## YOUR GOAL
Your task is to restate word for word the lines in the material below, from the one with "Big Dog Cape May Boat Transom" up to and including the one with "Brain Shine Leather Trench Coat". Do not carry over the pictures.

## SOURCE RECORDS
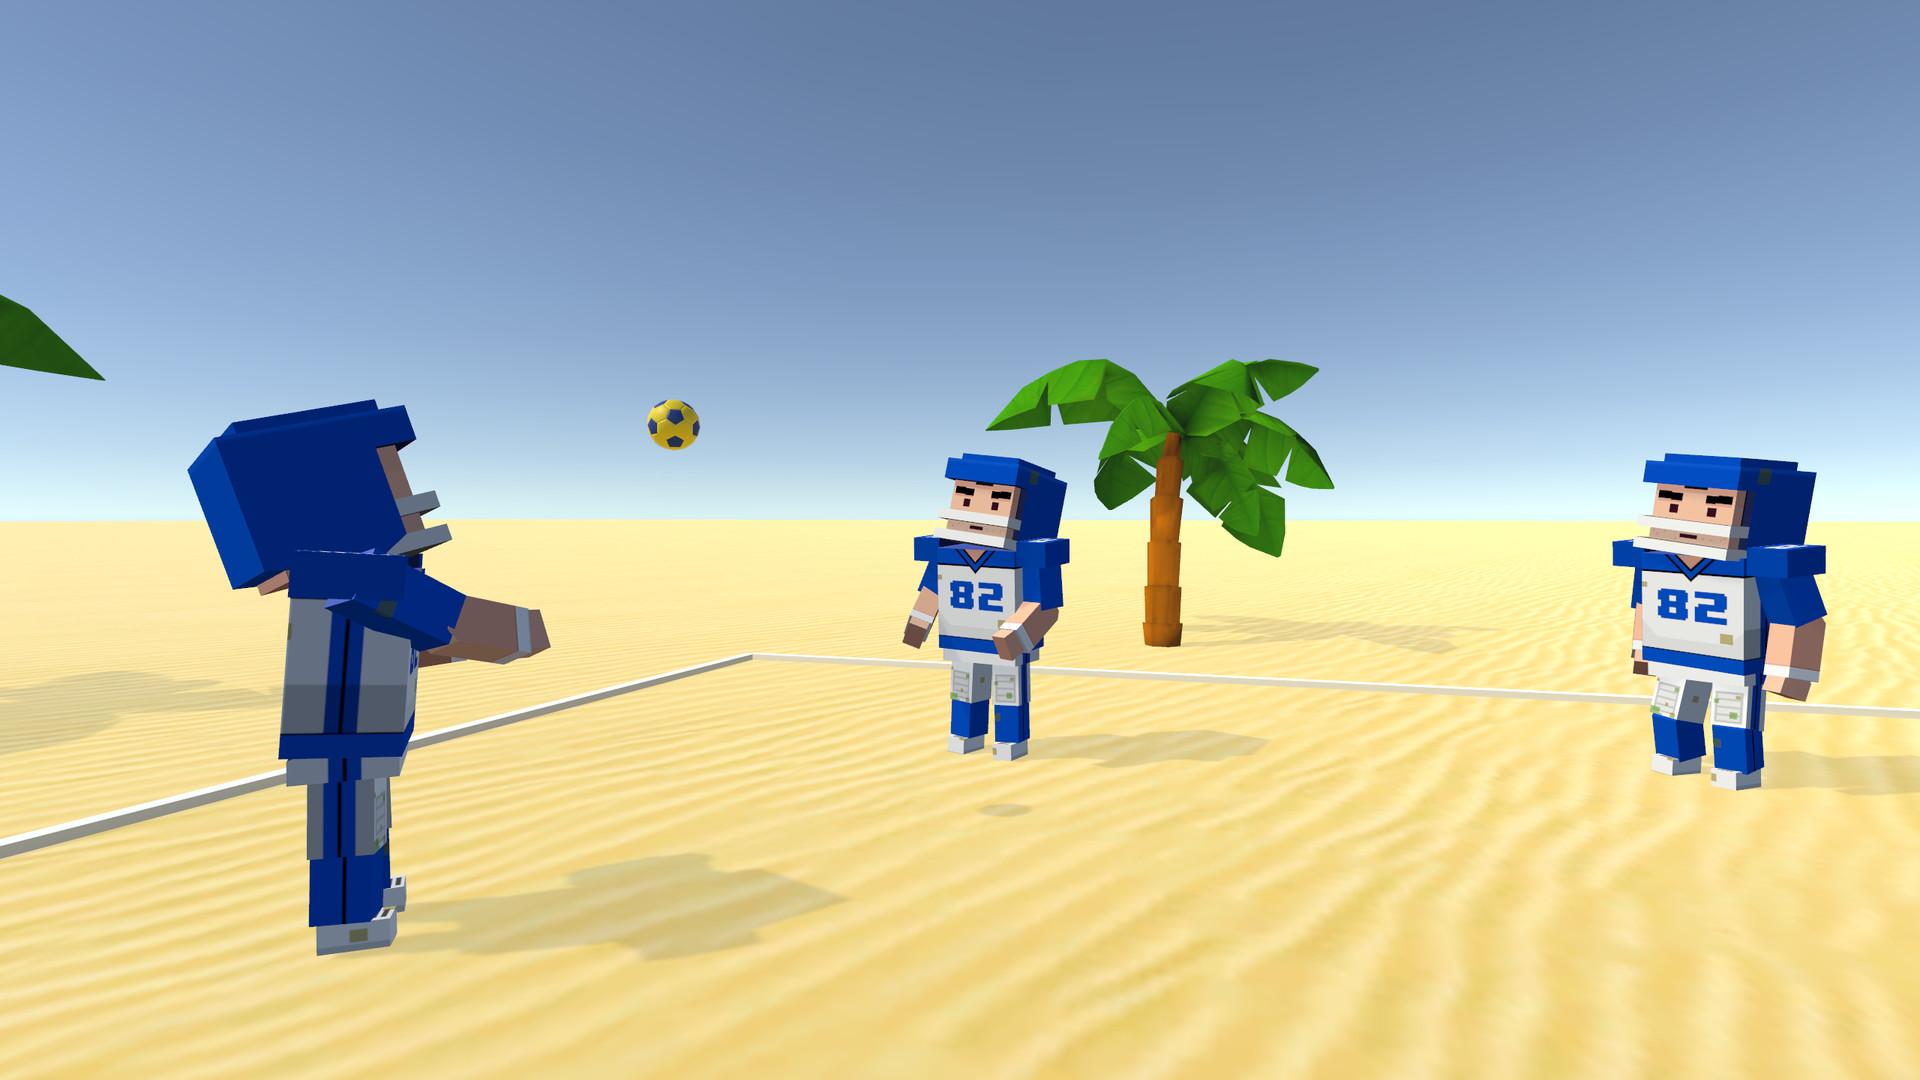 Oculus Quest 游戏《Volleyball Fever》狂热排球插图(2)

* * *

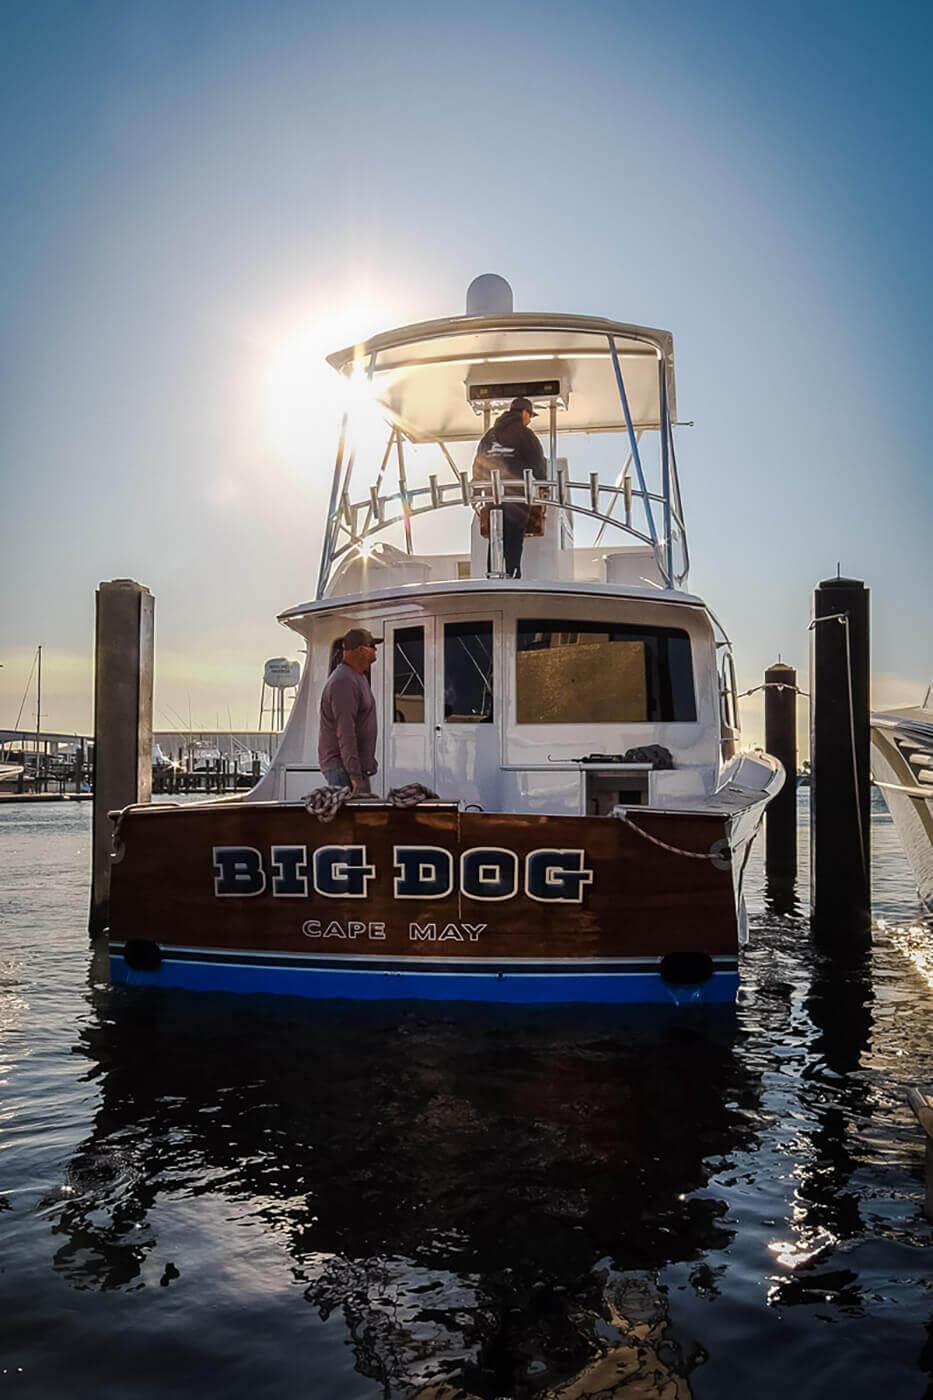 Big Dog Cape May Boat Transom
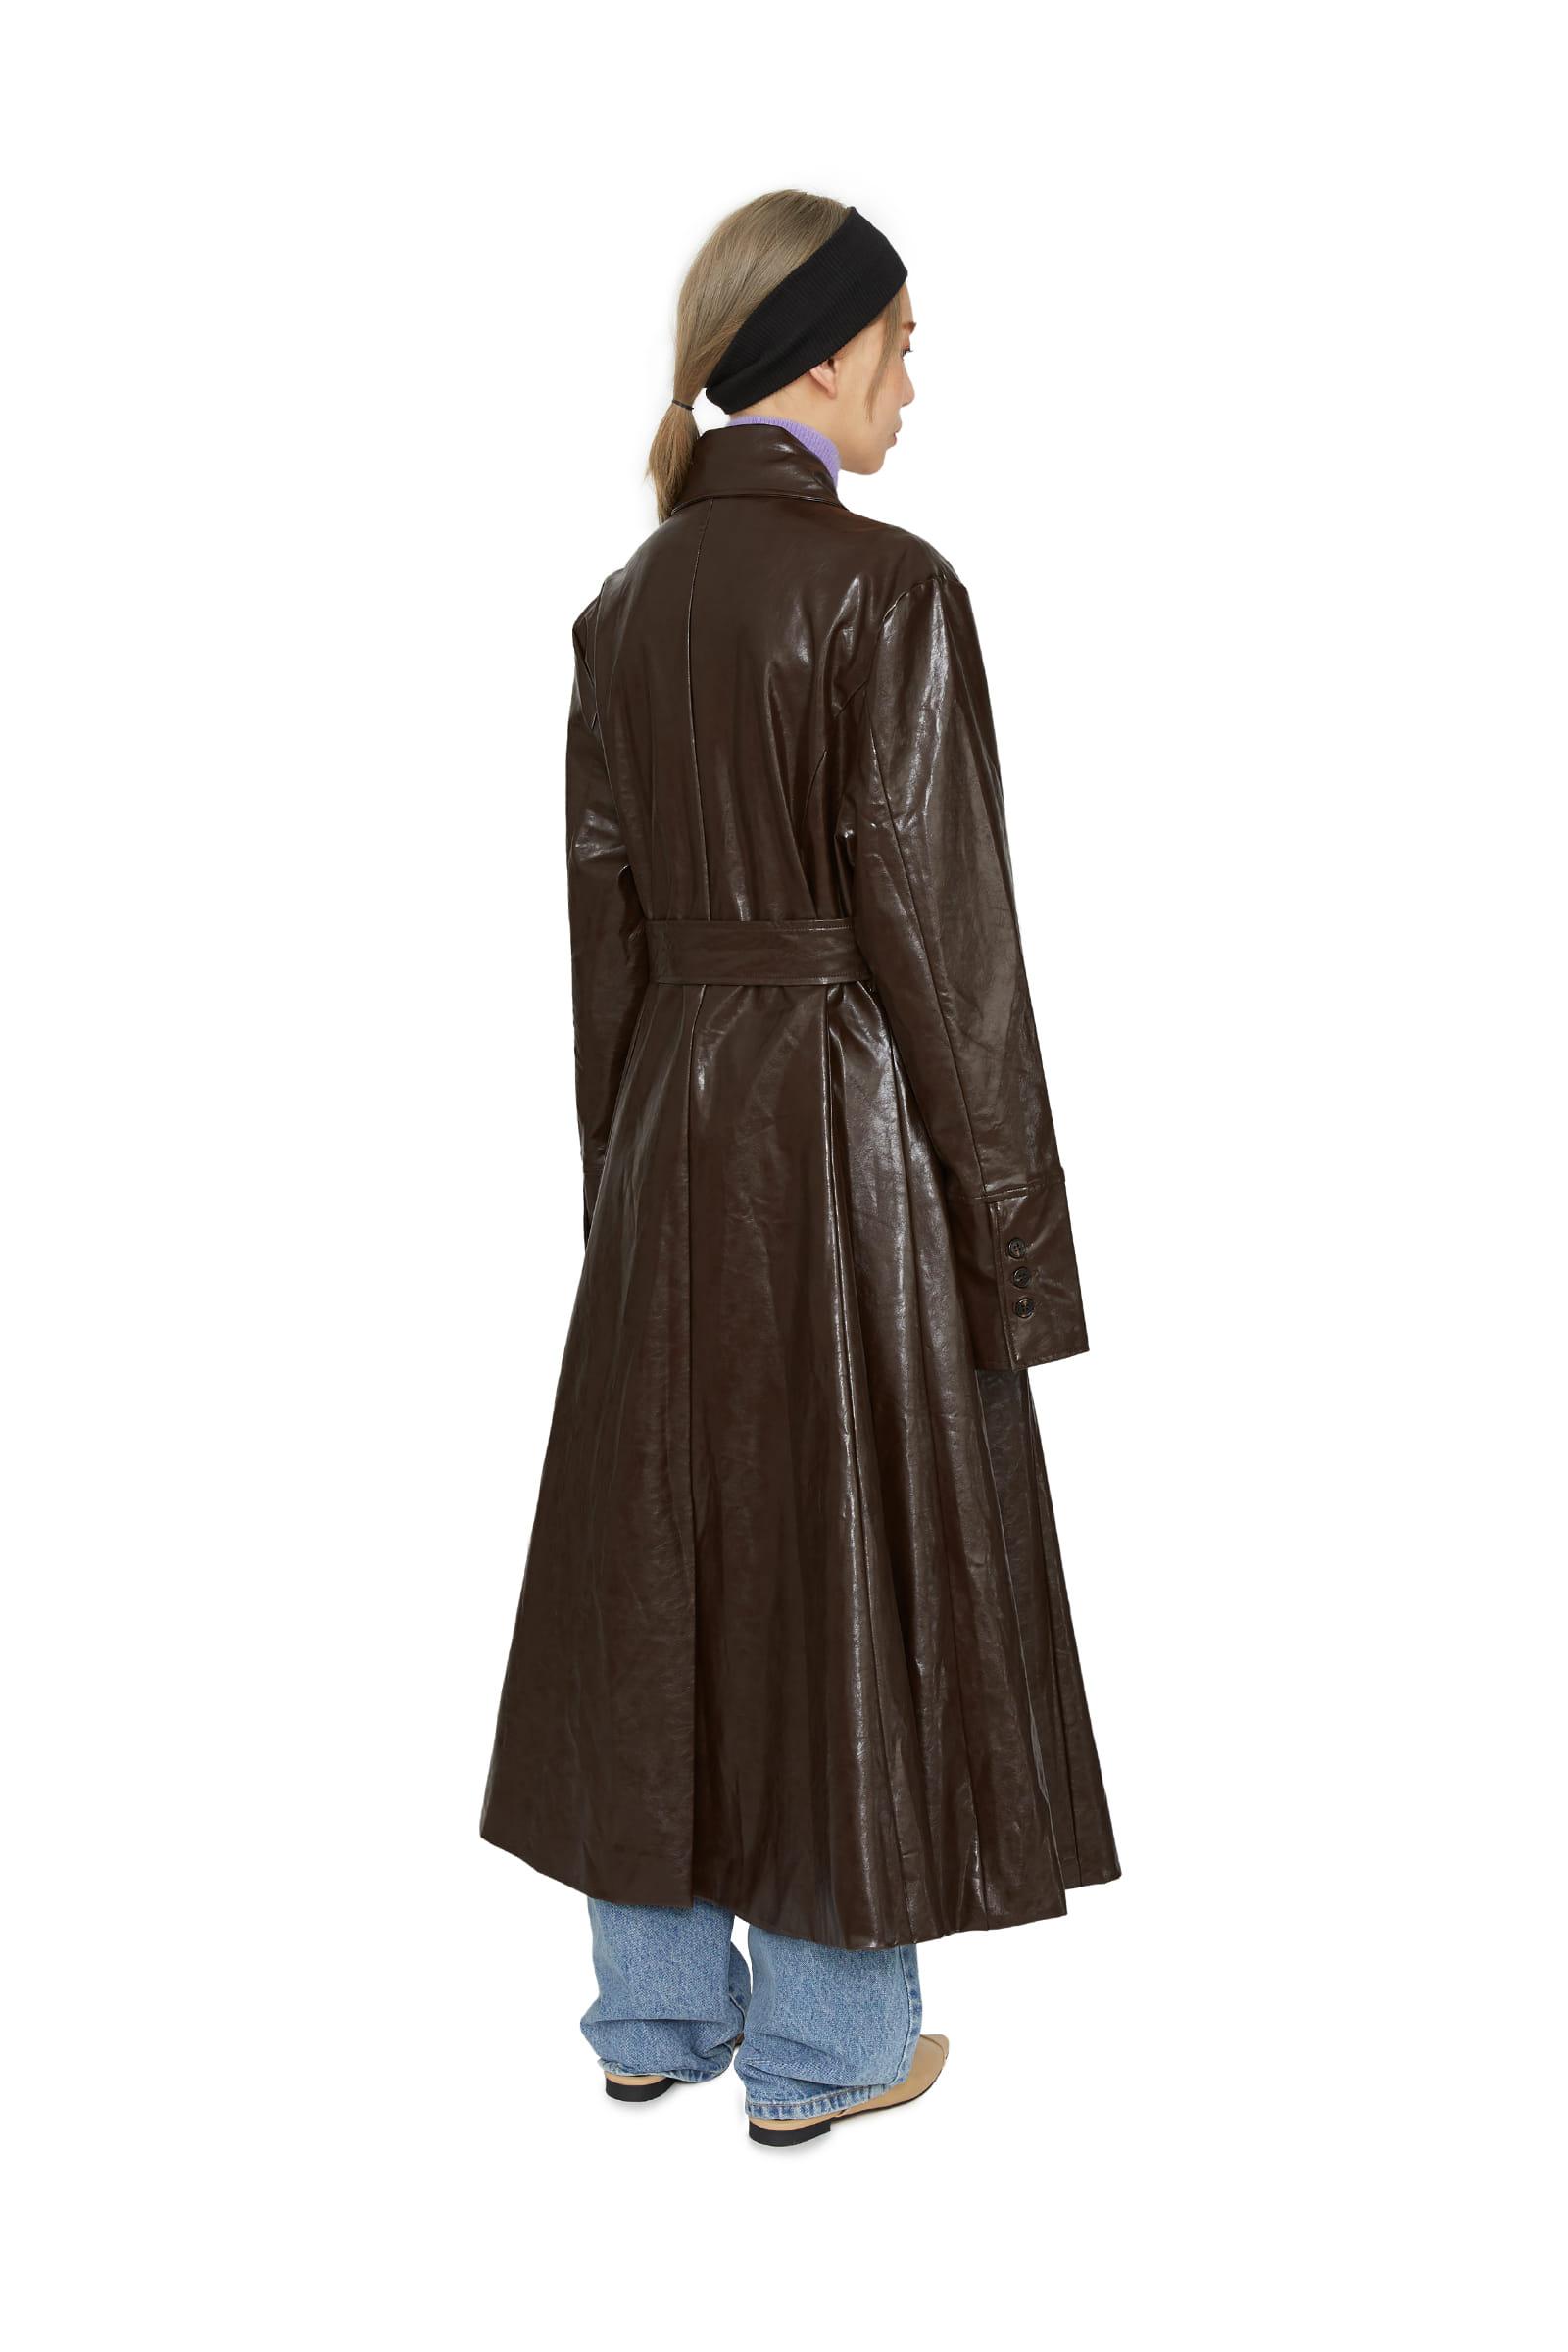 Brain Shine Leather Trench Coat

---

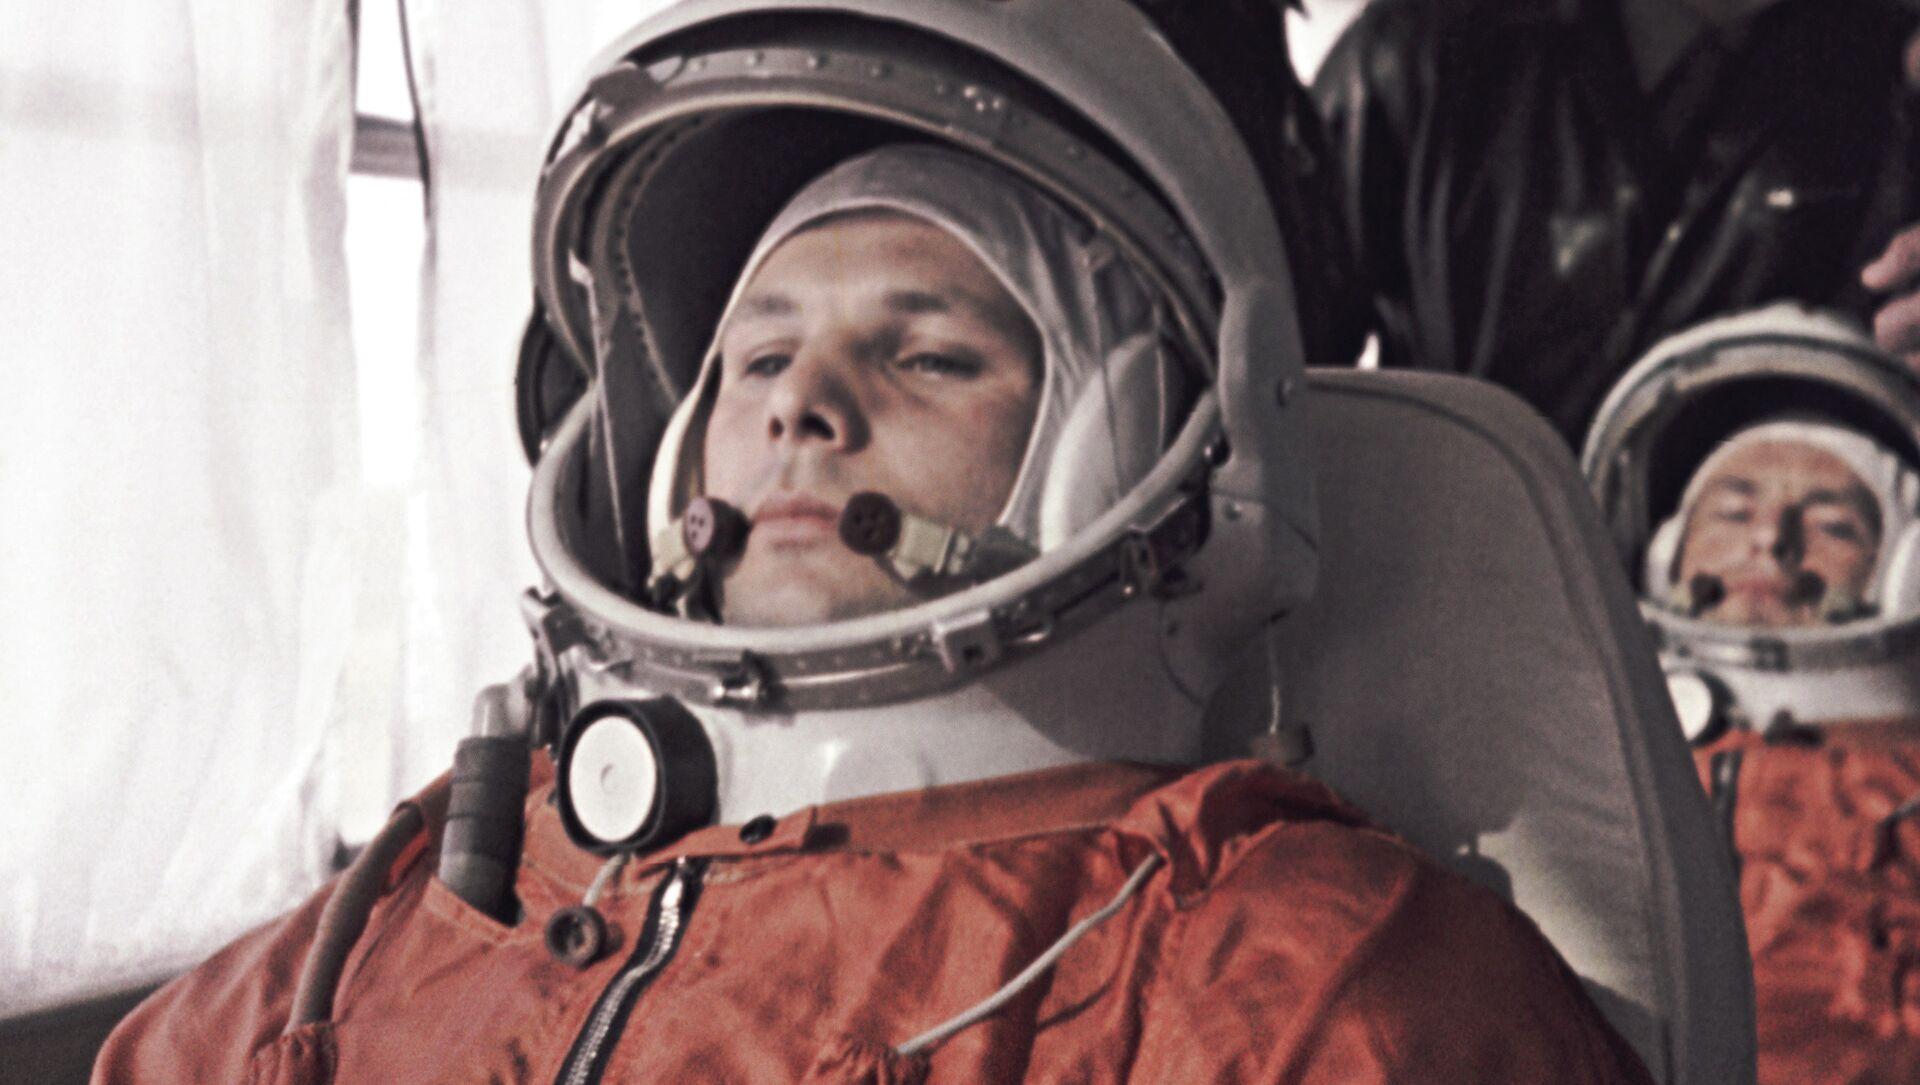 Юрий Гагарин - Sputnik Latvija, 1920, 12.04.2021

## WORKED SOLUTION
 Big Dog Cape May Boat Transom
 Brain Shine Leather Trench Coat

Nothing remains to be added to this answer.